Any current crossing the gap is a loss, the goal is to minimize the loss of energy in the MITL and maximize the energy delivered to a target.

EMPIRE’s unique ability to predict plasma environments has a wide range of applications including pulsed power, accelerator, oscillators used in national security, commercial and medical devices.

EMPIRE takes a transmission line design and predicts how much energy is delivered to the target vs. how much is lost in the various locations of the accelerator architecture. The modeling is split at the point where the blue area begins, with everything on the left modeled as a circuit and the area to the right modeled as the self-consistent evolution of the plasma and the power flow. EMPIRE models Maxwell’s equations for electromagnetics, Newton’s Laws with special relativity corrections for the evolution of the plasma, and tracks the temperature on the surface of the MITLs, modeling desorption physics which allows gas and water trapped on the surface and in the bulk of the metal to enter the gap and be turned into plasma.

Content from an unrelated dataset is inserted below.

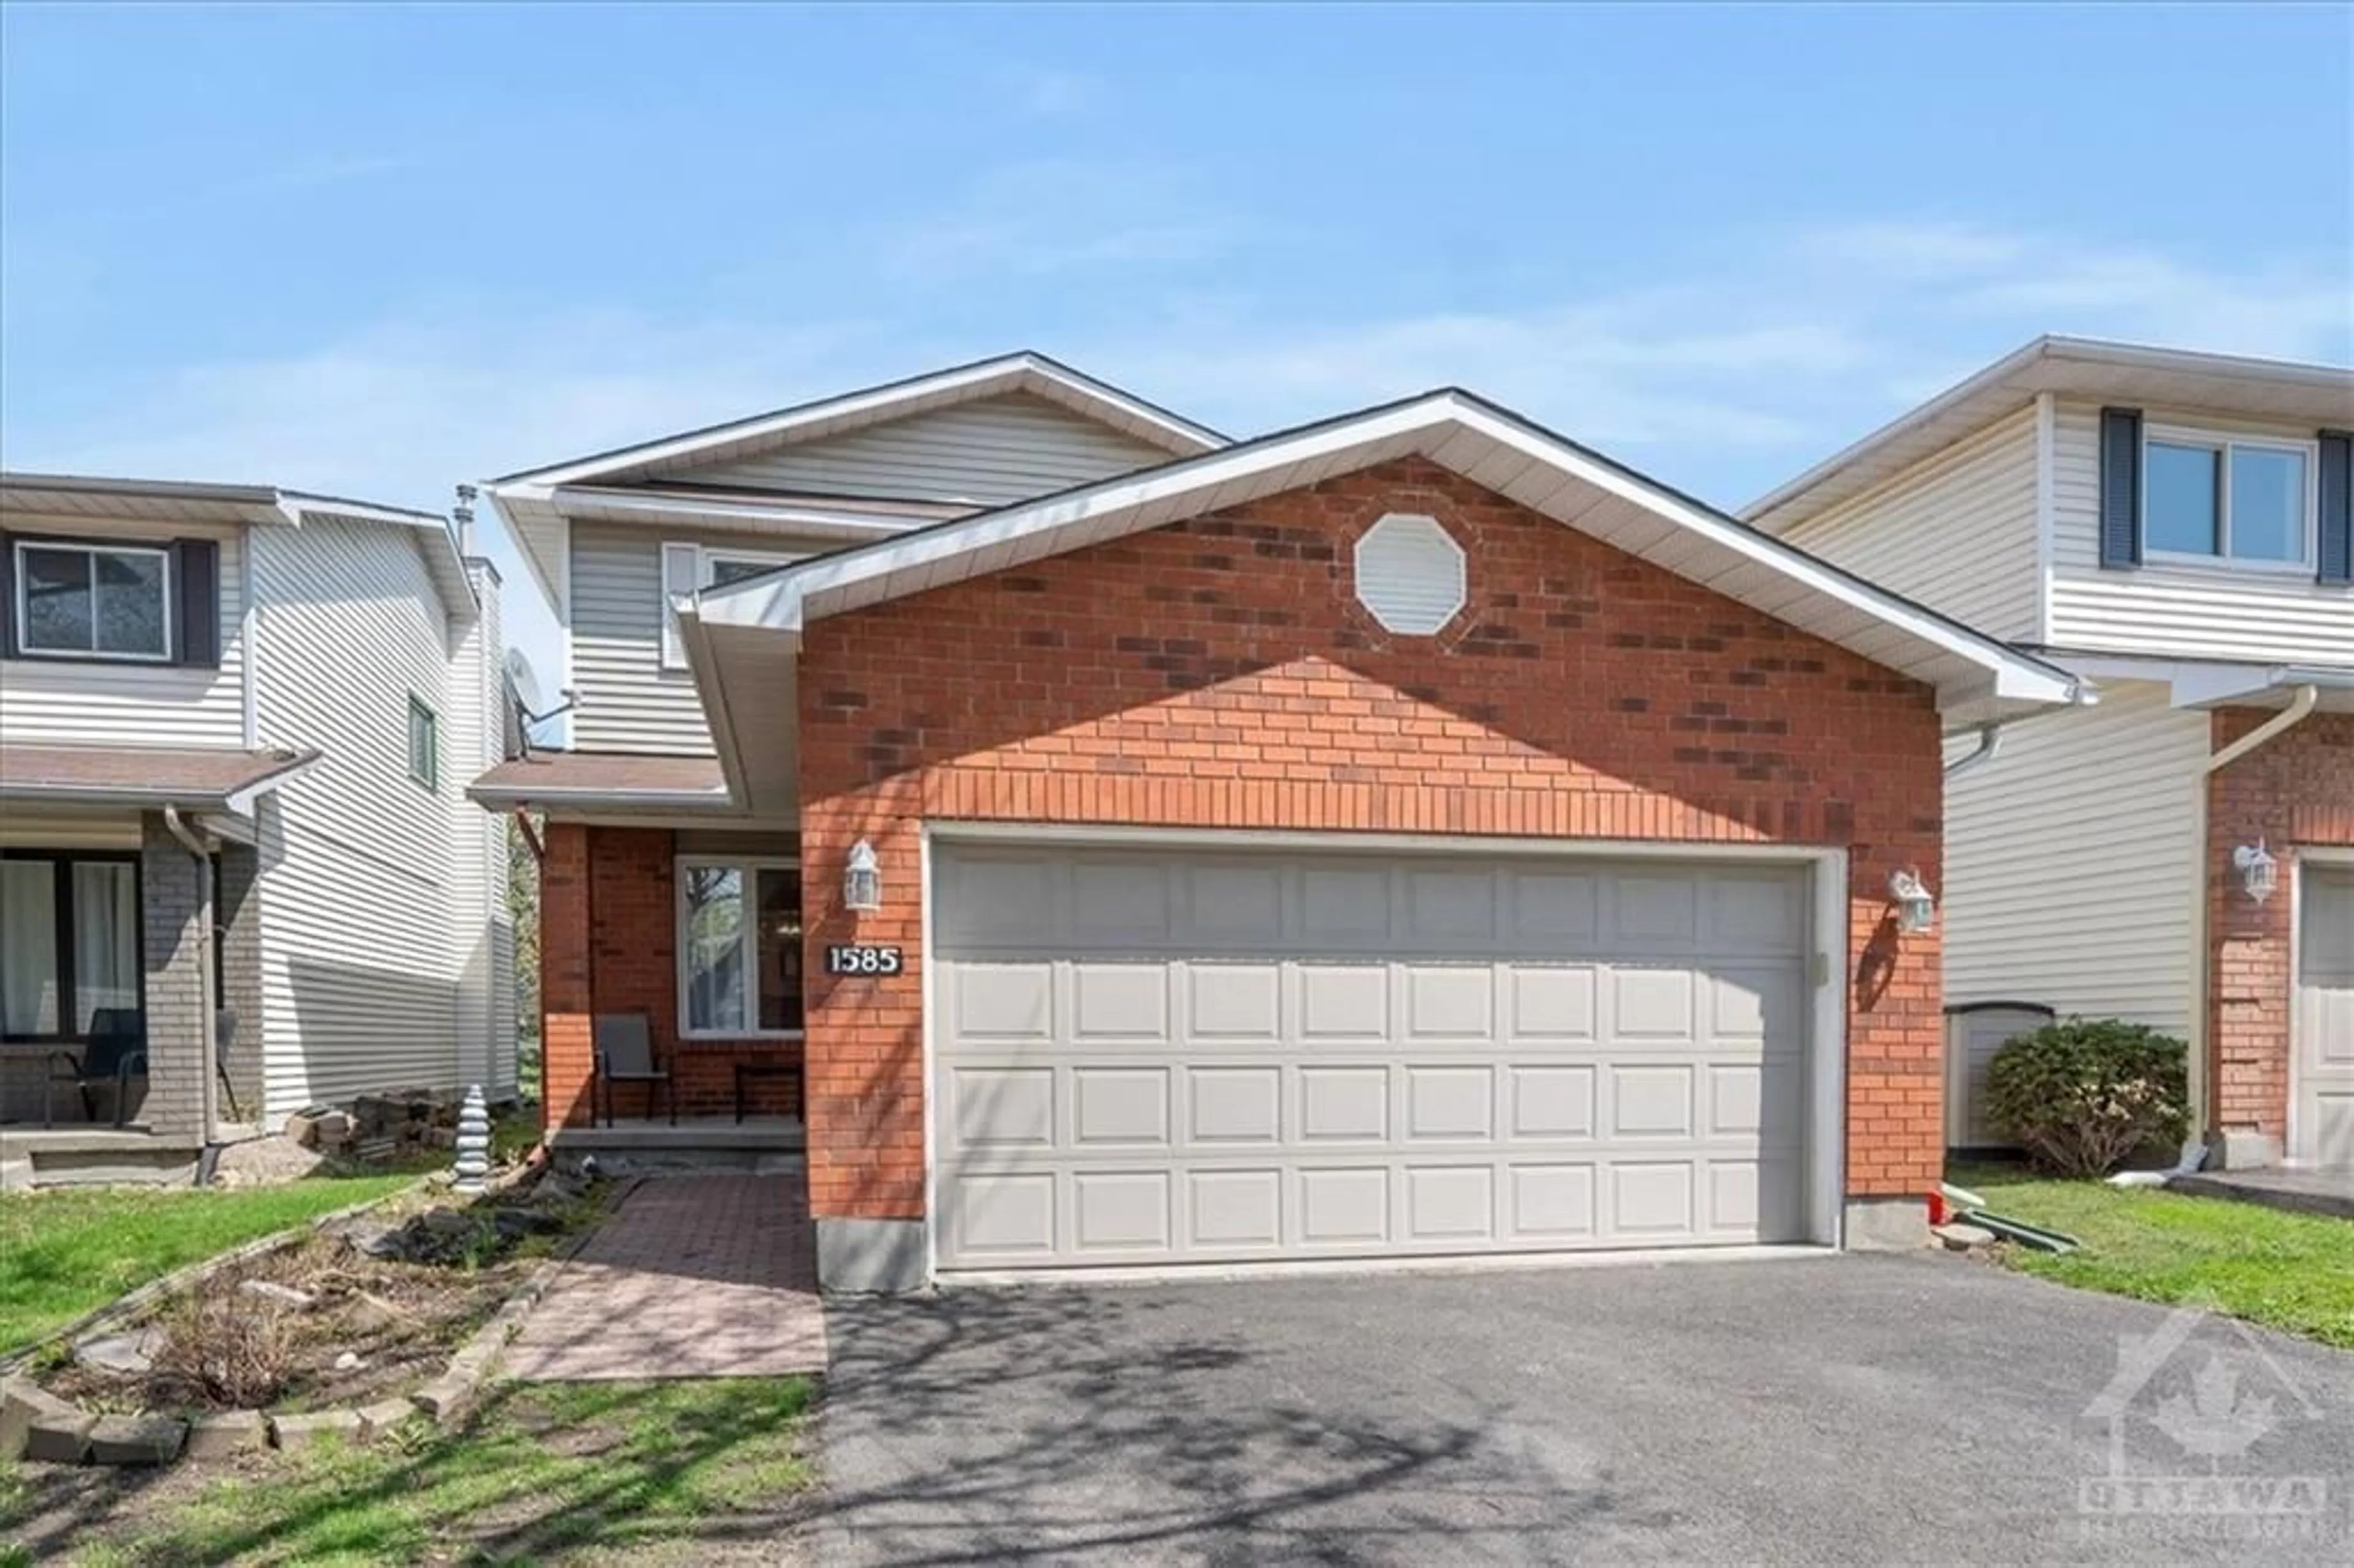 Home with brick exterior material for 1585 MONTCERF Crt, Ottawa Ontario K1C 4Z6

EMPIRE uses a particle-in-cell formulation for plasma modeling. This is a dual mesh formulation where the electromagnetics are computed on a traditional tetrahedral finite element mesh allowing for local refinement to have resolution where needed and also a particle Lagrangian mesh for particles which are allowed to move as the physics dictates. The particles represent electrons and ions, and since there are too many electrons and ions to represent individually, EMPIRE models them as movements of sections (say one billion) as a unit.

EMPIRE has a wide range of applications, including pulsed power and other plasma devices such as microwave generators (magnetrons, gyrotrons) used in radar, accelerators like the Stanford Linear Accelerator Laboratory (SLAC), laser plasma interactions like National Ignition Facility (NIF), and even for X-ray devices used in medicine.